Hypophosphatasia (HPP) is a rare genetic metabolic bone disease that can cause chronic pain and fractures. Its hallmark is a persistently low serum ALP. HPP is now recognised by many osteoporosis specialists, but other specialists, such as rheumatologists and primary care physicians, may be less aware of this condition, causing diagnostic delay and possible harm to these patients.
In this report retrospectively 14 patients that presented with musculoskeletal pain to general rheumatology clinic at St. George’s Hospital are analysed and are diagnosed subsequently with HPP.
Median diagnostic delay is 13 years. All patients have an ALP below reference range for age. Most common presentation is peripheral joint pain in 85.7% of patients. Axial pain is reported in 64% of patients due to osteoarthritis or spinal stenosis. Fifty percent of patients have a history of long bone pain. Fifty percent have previous fracture(s). A total of 28.6% of patients have psoriatic arthritis.

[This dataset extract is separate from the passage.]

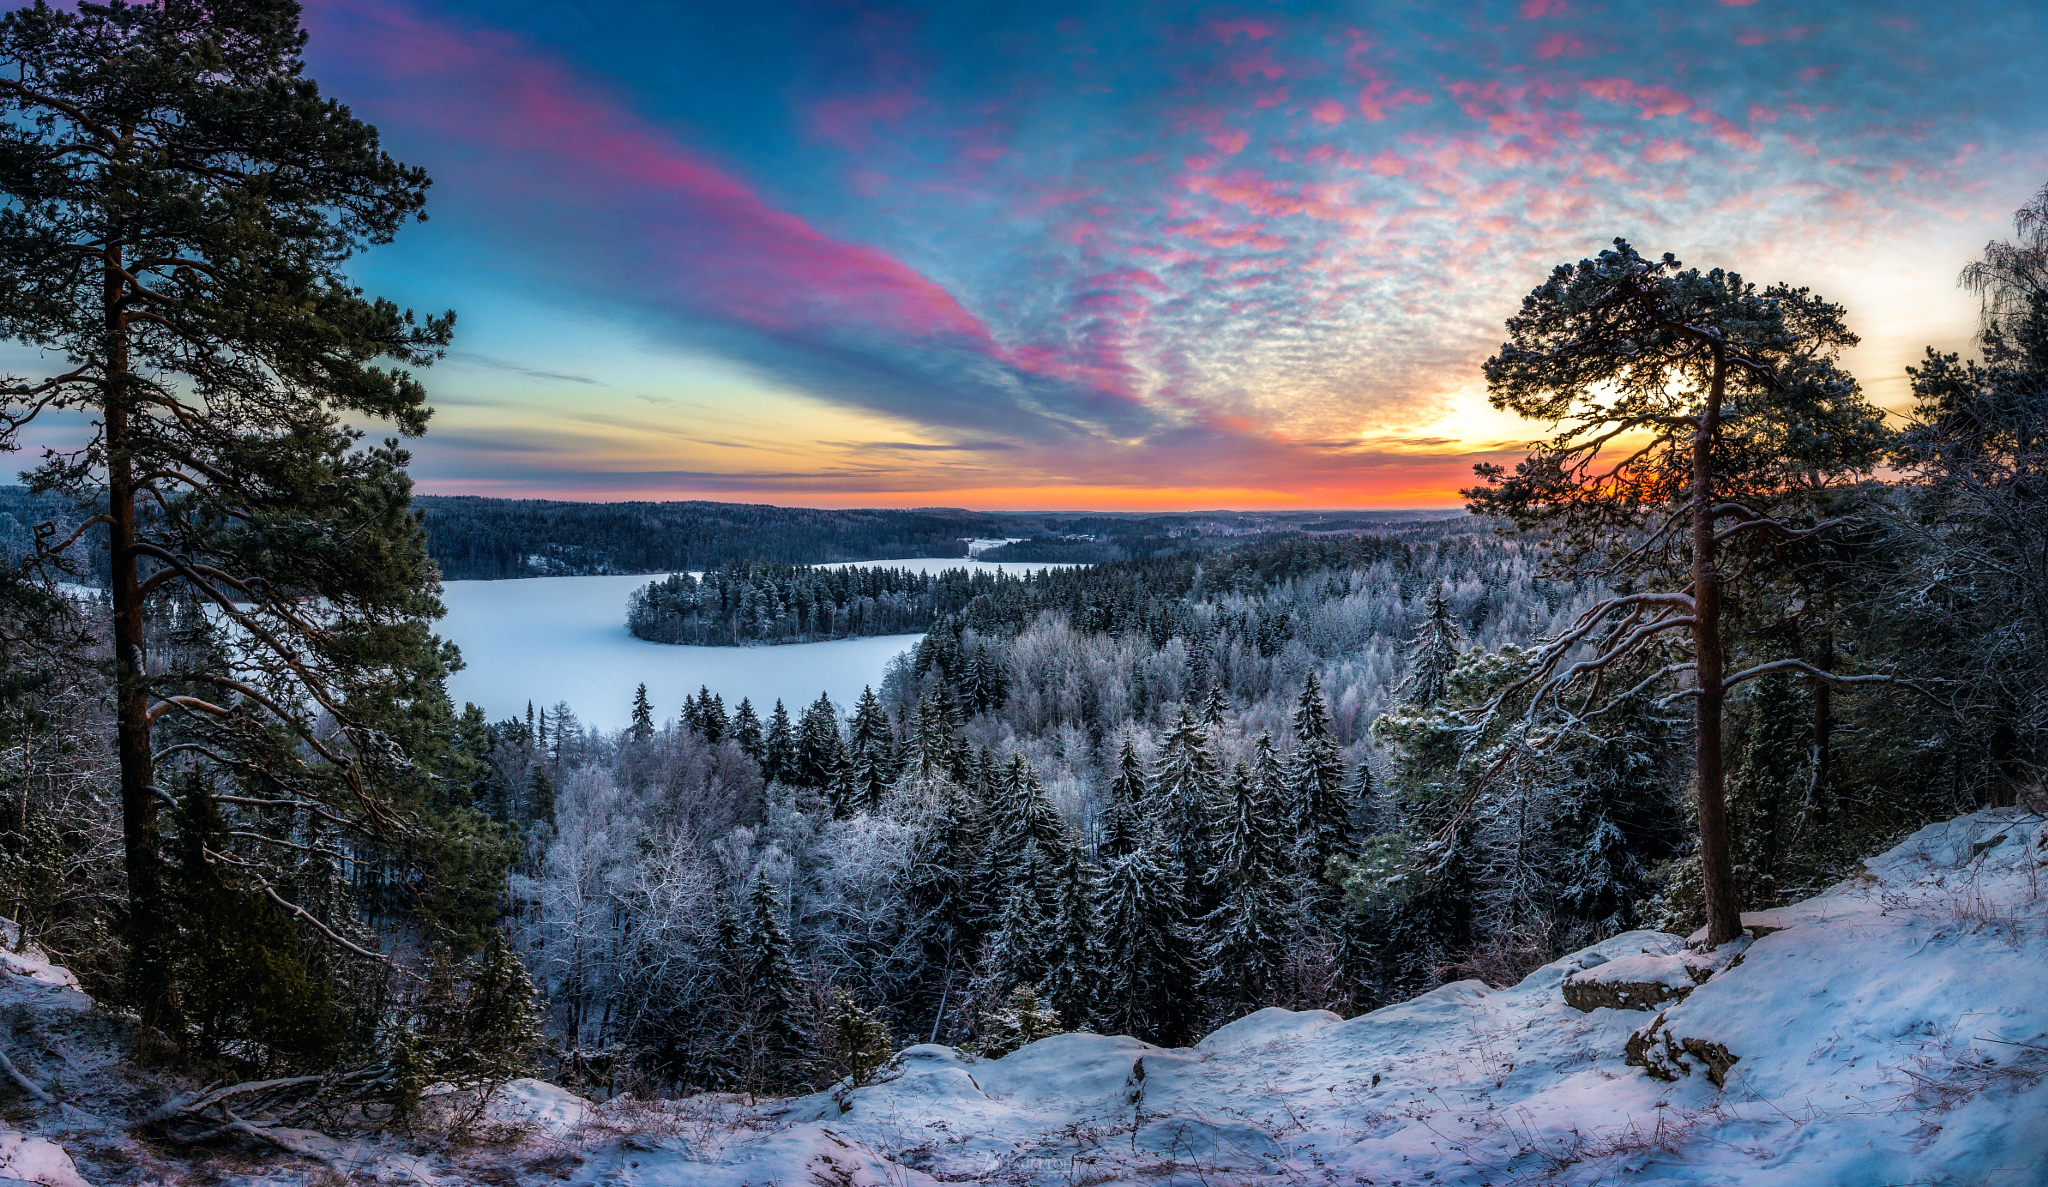 1500797 скачать картинку зима, лес, земля/природа, финляндия, горизонт, озеро, небо, закат солнца - обои и заставки бесплатно

Patients with HPP can present to rheumatology with musculoskeletal pain, and if a persistently low ALP is confirmed, this may reduce the diagnostic delay of this rare disease. Similar to other rheumatologic patients, musculoskeletal pain in HPP is noted in peripheral joints and in the spine with almost a third of patients having psoriatic arthritis. Pain is also noted in the long bones, a feature consistent with metabolic bone disease. The diagnosis of HPP is also more likely in those patients with a personal or family history of dental disease or arthritis. Read the full article here.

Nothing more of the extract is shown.